= Isabel Brilhante Pedrosa =

Portuguese diplomat (born 1964)

Isabel Brilhante Pedrosa (born 1964) is a Portuguese diplomat who served as the European Union Ambassador to Venezuela. She became the ambassador in February 2018 and she was asked to leave in the following year.

==Career==
Brilhante Pedrosa had served as Portugal's Consul General in Caracas as well as Portugal's ambassador to Namibia (she presented her credentials on July 20, 2016) and Libya.

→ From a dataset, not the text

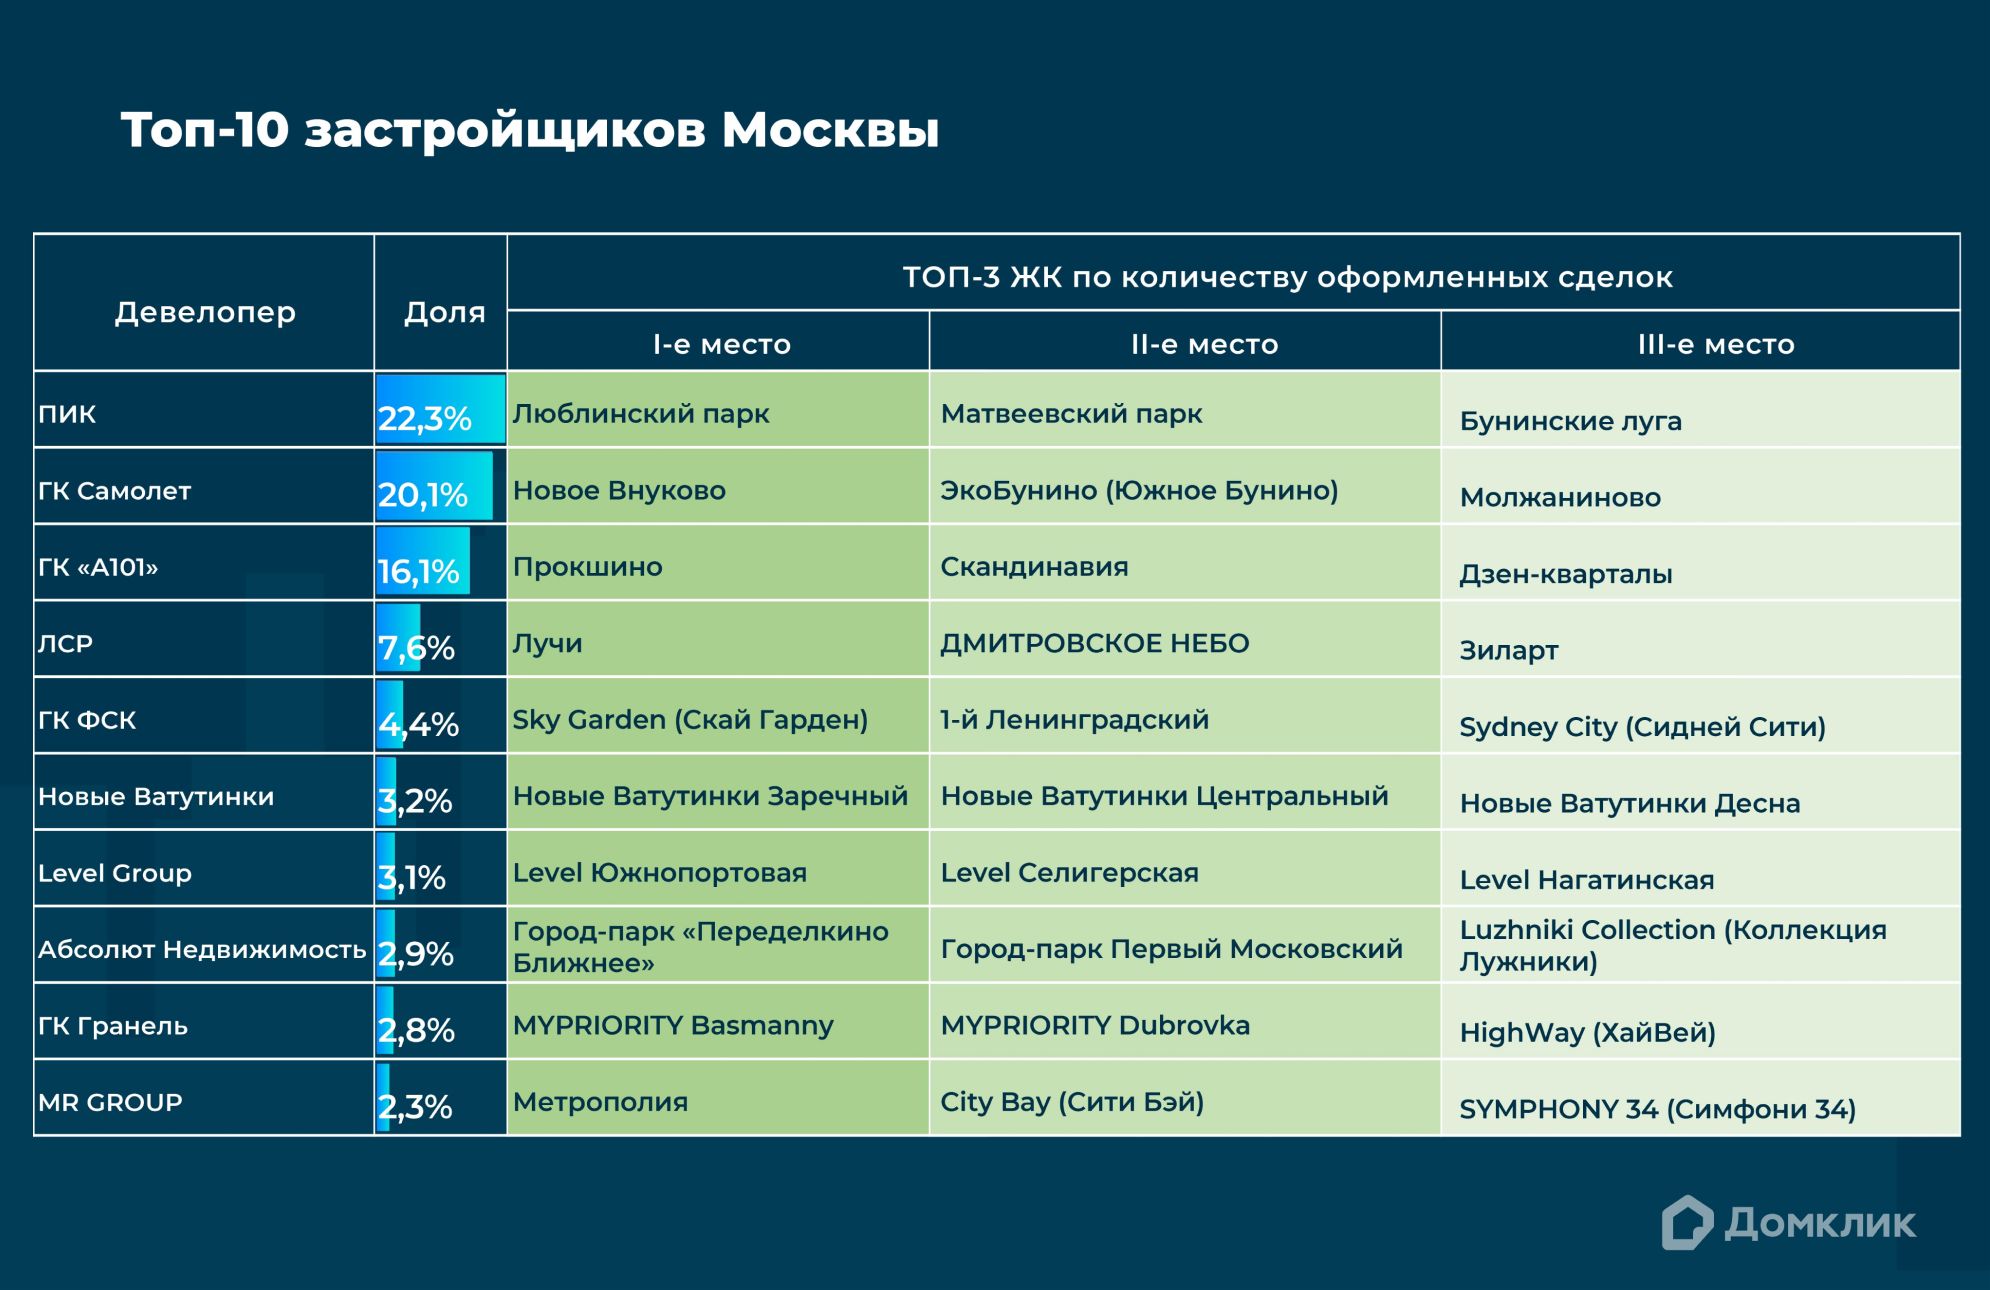 Топ-10 девелоперов Москвы по количеству сделок, проведенных с участием Сбербанка, включая сделки за свои средства.

In February 2018, she became the European Union Ambassador to Venezuela. On June 29, 2020, Nicolás Maduro expelled Brilhante Pedrosa, giving her 72 hours to leave the country, but the decision was later reversed. On 24 February 2021, the ruling party controlled National Assembly in Venezuela called on the government to expel her, following new sanctions by the bloc against 19 Venezuelan officials. Maduro's government declared her persona non grata afterwards, and once more gave her 72 hours to leave the country. Brilhante Pedrosa left after a week. In retaliation the EU decided in 2021 to declare Venezuela's ambassador to the EU as also persona no grata. However the diplomat Claudia Salerno Caldera was also the ambassador to other countries, and this confused the case of expelling her.

In 2021, the EU High Representative for Foreign Policy, Josep Borrell, appointed Brilhante Pedrosa as a member of a delegation to Cuba.